Louis-Ferdinand Céline
Vedo in questa marea di invettive, vedo per lo più gente che beve, mangia, dorme, insomma in quelle funzioni umane che sono tutte piuttosto volgari e direi che sono pesanti. Il loro spirito è pesante. Così mi pare per lo più … Non ha mai smesso di essere pesante. Ho notato, ho letto tanti versi, e più particolarmente del secolo XVII, quello cosiddetto galante .. . ne avrò trovati tre quattro buoni … su migliaia.
C’è ben poca leggerezza nell’uomo. È pesante, no! Ora poi è straordinario in pesantezza. A partire dalle auto, l’alcol, l’ambizione, la politica lo rendono pesante, ancora più pesante. Tutto quello che fa è estremamente pesante Vedremo forse un giorno la rivolta dello spirito contro il peso. Ma non è per domani. Al momento è pesante. Ecco allora che se dovessi morire, direi: erano pesanti. Oh, “erano cattivi perché erano pesanti”, non crede? Invidiosi di una certa leggerezza. Sono invidiosi come una donna che indossa un busto di tela verso una che non ne ha…con i merletti…come colui che ha un cavallo da tiro e non un purosangue. Invidiosi di essere pesanti. Tutto qui. Infermi. Pesano, sono infermi. La pesantezza li rende infermi. Quindi non ci si può fidare di loro, sono pronti a tutto. Oh sì, pronti a tutto. Pronti a uccidere.

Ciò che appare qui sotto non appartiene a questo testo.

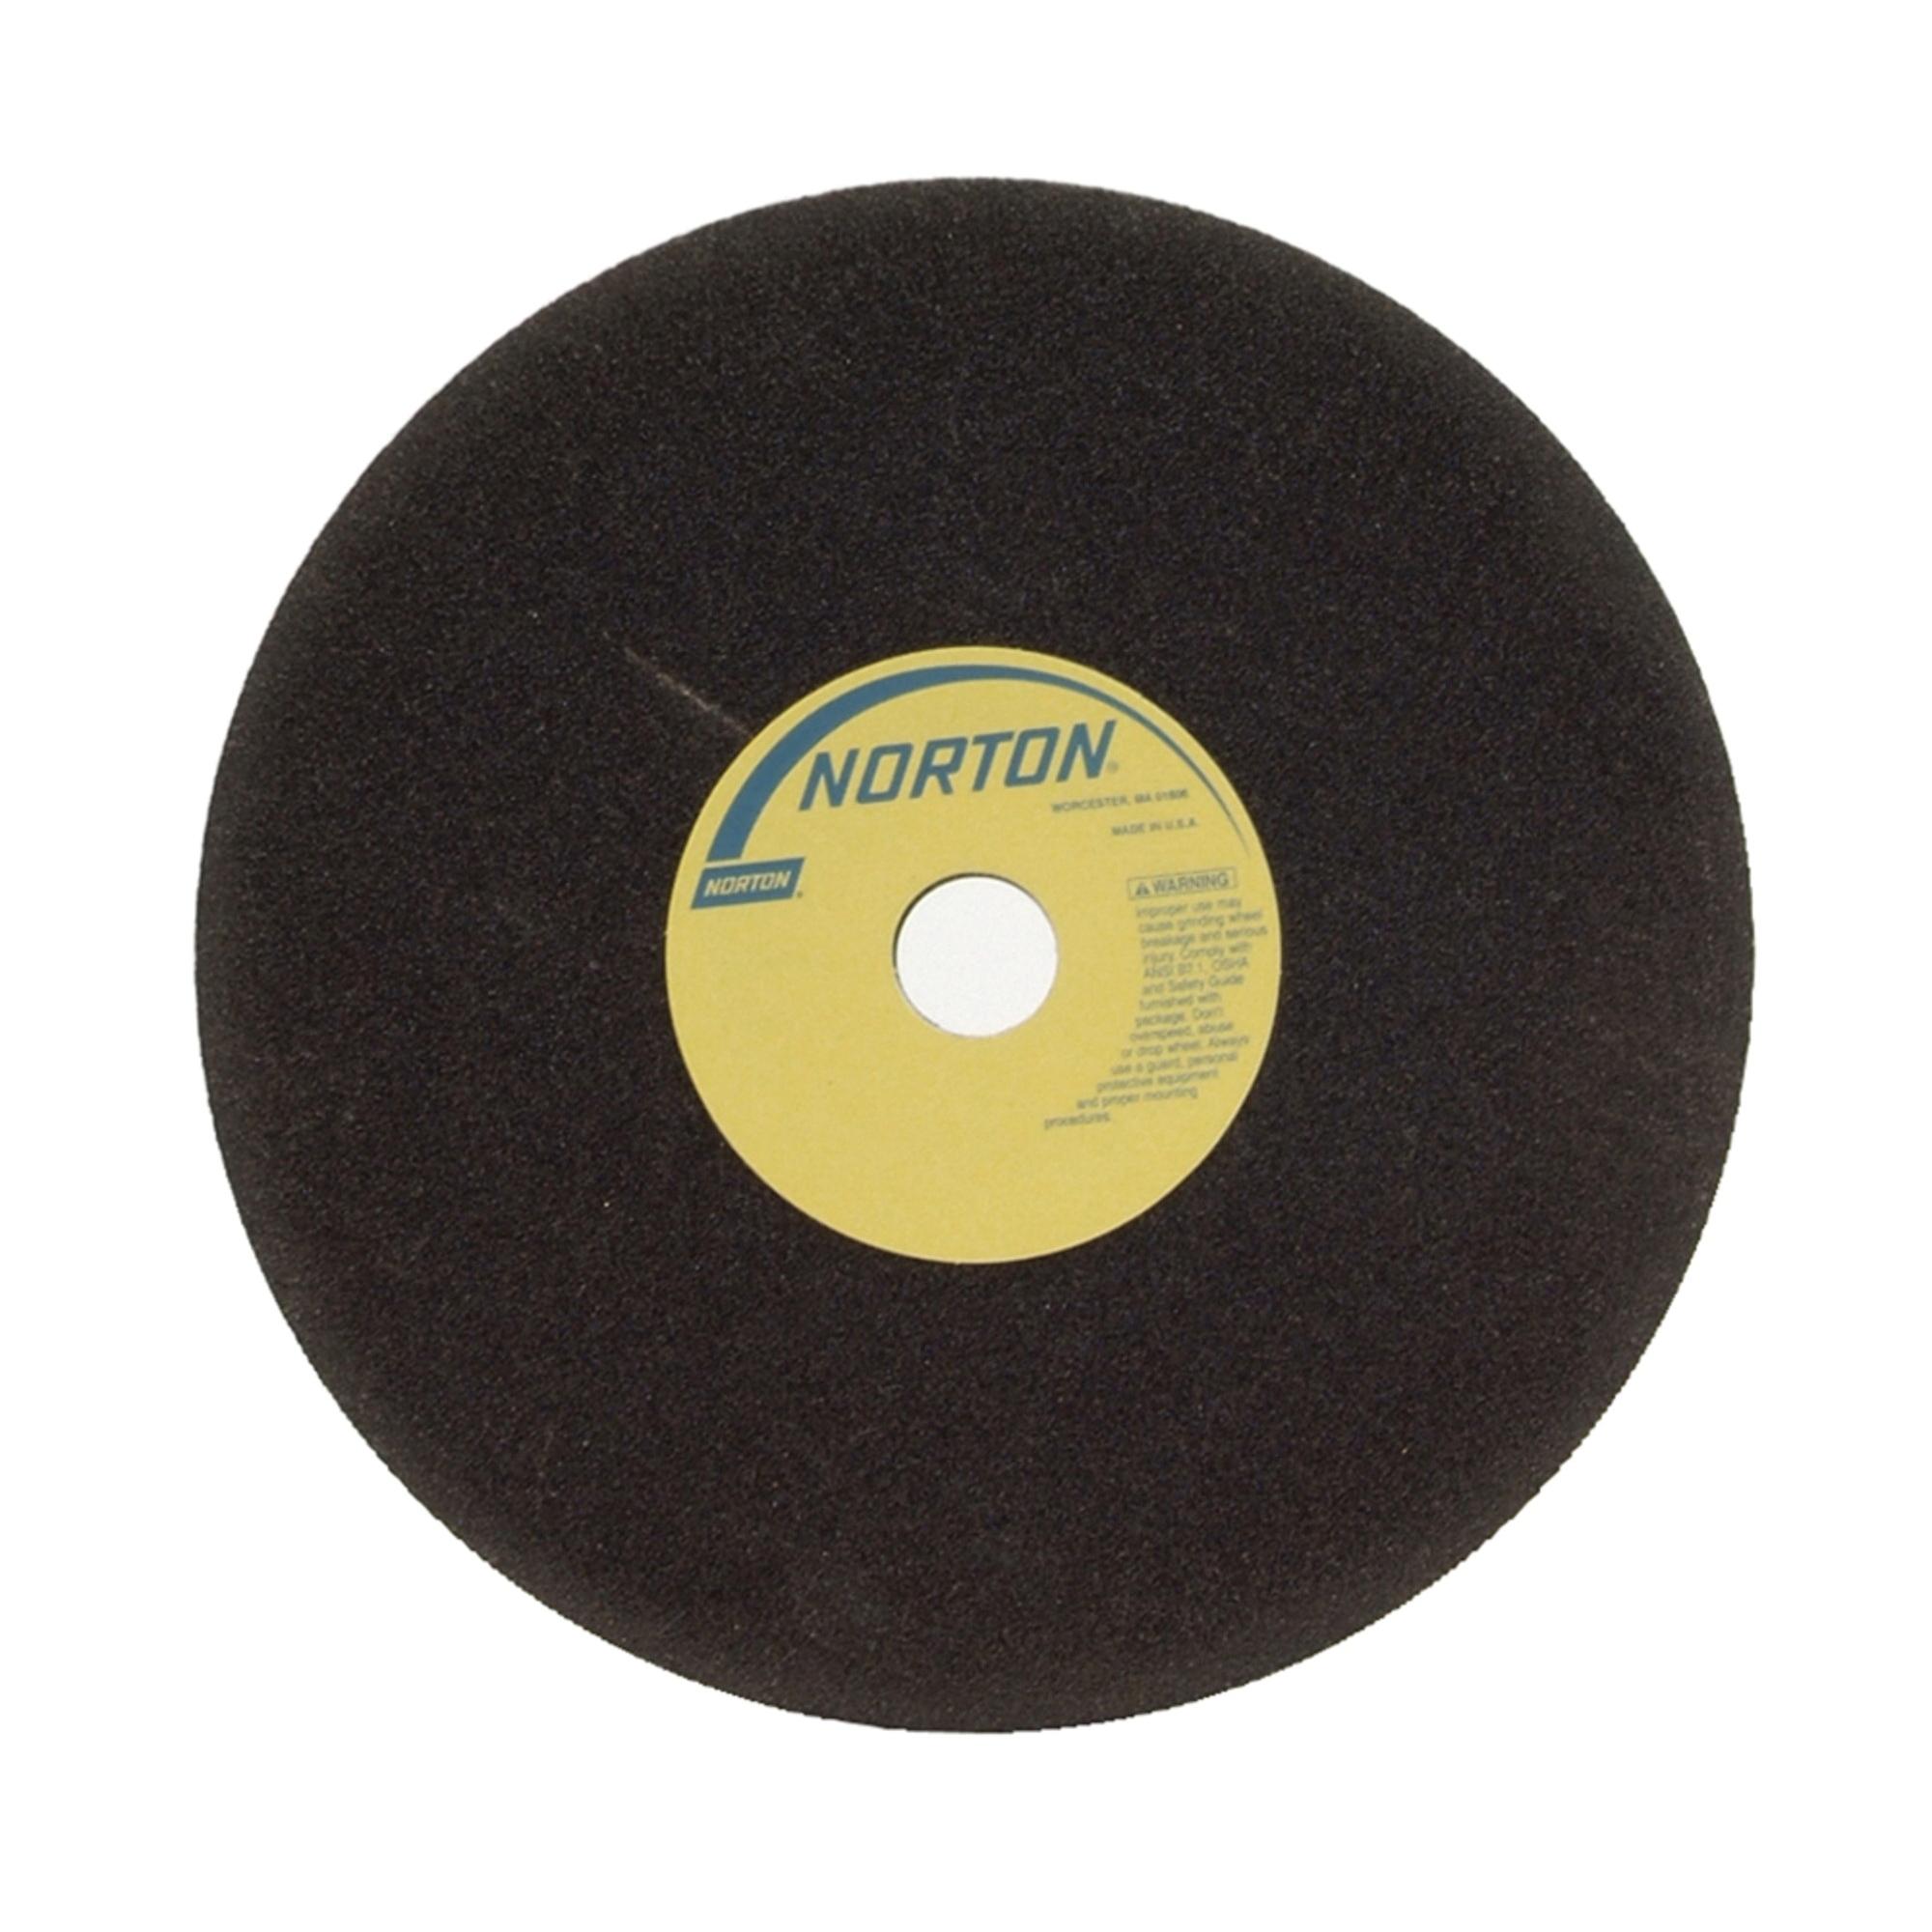 Norton® NorZon® 66253262307 NZ Straight Sawgumming Wheel, 12 in Dia x 3/4 in THK, 1-1/4 in Center Hole, 36 Grit, Zirconia Alumina Abrasive

Per risvegliare la pesantezza bevono, e quando bevono, diventano come magli. È spaventoso, magli senza controllo. Aumentano il loro peso, invece di rendersi leggeri. Ah, non sono dalla parte di Ariele. Sono sempre più Caliban. Sempre di più …
Nota di effeffe
A proposito di raffinatezza, dell’idea di raffinatezza che in Céline si oppone ovviamente alla “maniera” del linguaggio, ho trovato in rete un riferimento a Cioran che vale la pena riportare qui. E ringrazio Sergio Garufi per avermi dettato al telefono il passaggio tradotto in italiano.
« Les gens qui ont de la classe ne sont pas particulièrement inventifs en fait de langage. Y montrent des aptitudes et de l’originalité les gens loquaces, presque vulgaires, ou du moins qui poussent la vivacité jusqu’à la forfanterie, ou à la dégueulasserie quelque peu délirante. Le génie verbal est souvent l’apanage de ceux qui font peuple.

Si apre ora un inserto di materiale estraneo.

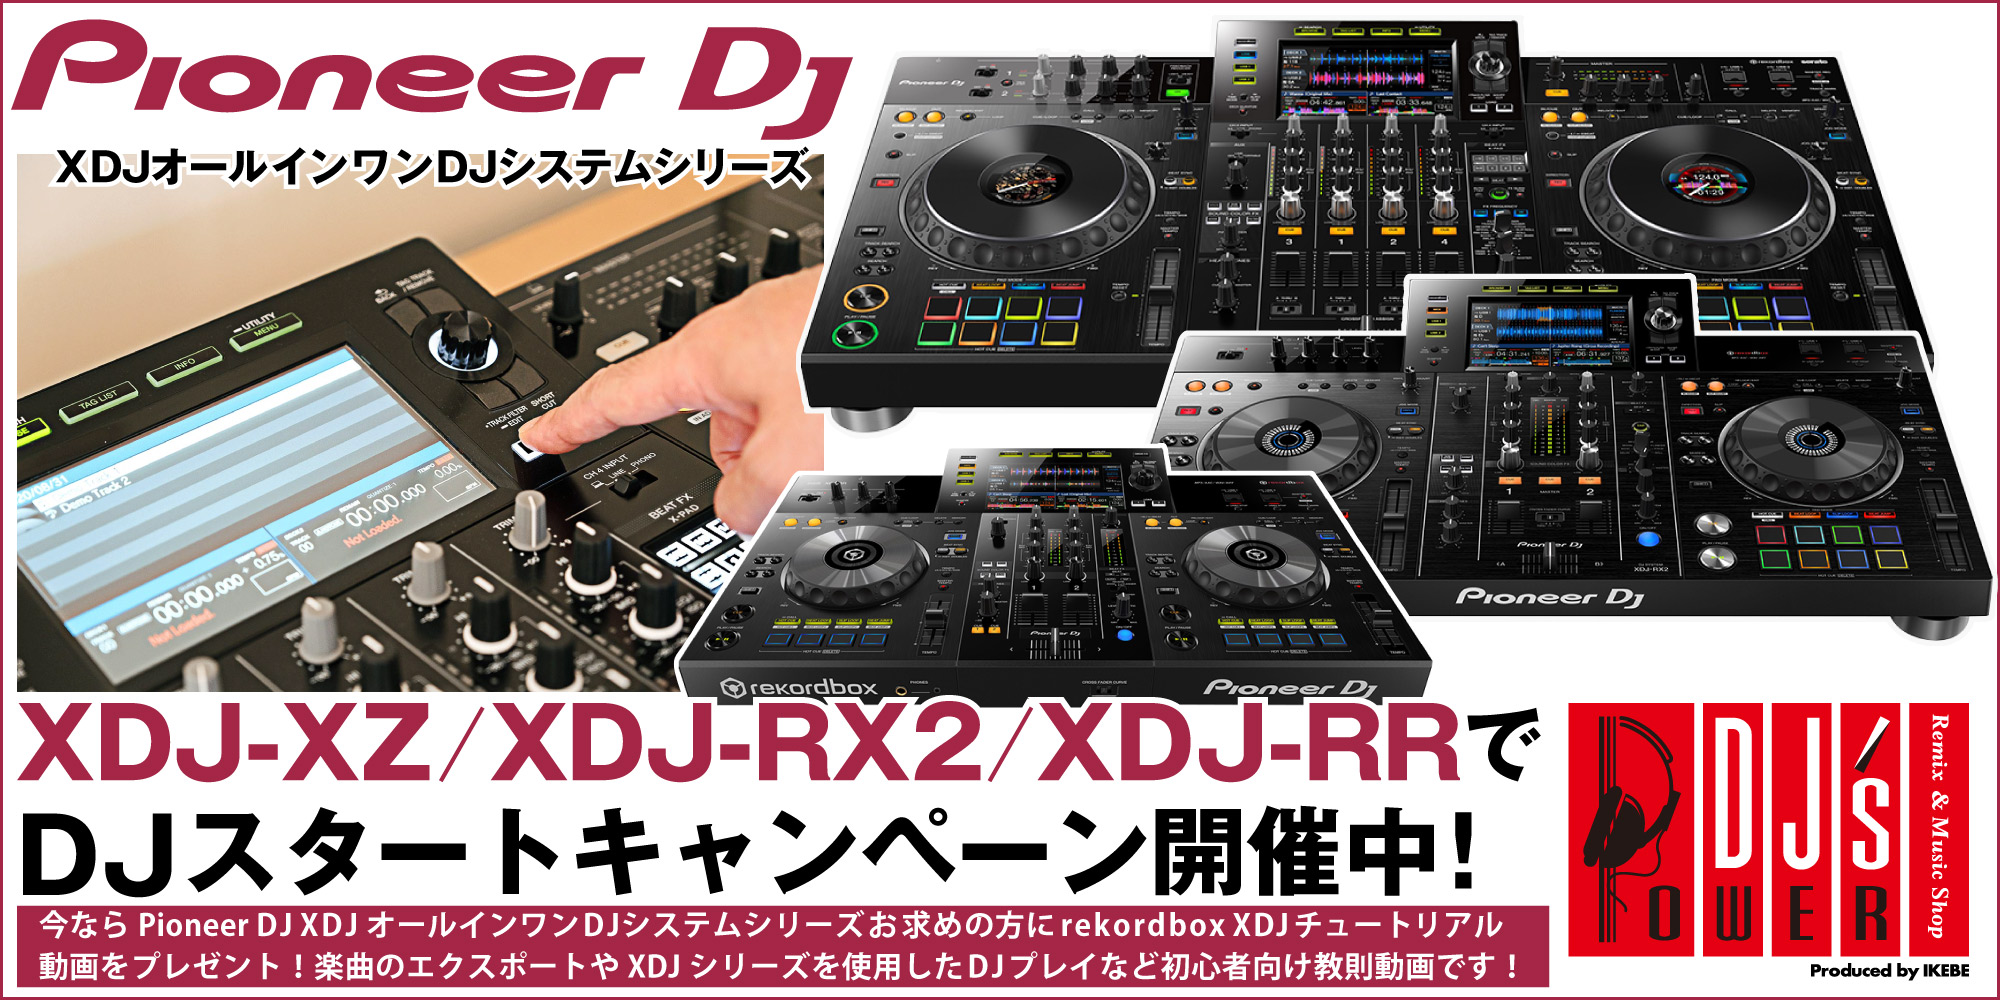 【Pioneer DJ XDJオールインワンDJシステムシリーズ XDJ-XZ/XDJ-RX2/XDJ-RRでDJスタートキャンペーン開催中!】

L’éducation nuit à la fraîcheur à la vigueur du langage.
Céline ne sort pas d’un salon. À peu près tous ceux doués d’un génie verbal que j’ai connus manquaient de manières : ils étaient des natures, ils vivaient à même le langage. »
Cioran, Cahiers, p913
Le persone di classe non sono particolarmente inventive in fatto di linguaggio. In questo mostrano attitudini e originalità le persone loquaci, che rasentano la volgarità, o che per lo meno spingono la vivacità fino alla millanteria, o alla spiacevolezza leggermente delirante. Il genio verbale è spesso appannaggio di quelli che appartengono al popolo.
L’educazione nuoce alla freaschezza, al vigore del linguaggio. Céline non viene fuori da un salotto. Quasi tutte le persone dotate di genio verbale che ho conosciuto non andavano per il sottile: erano nature, vivevano come parlavano.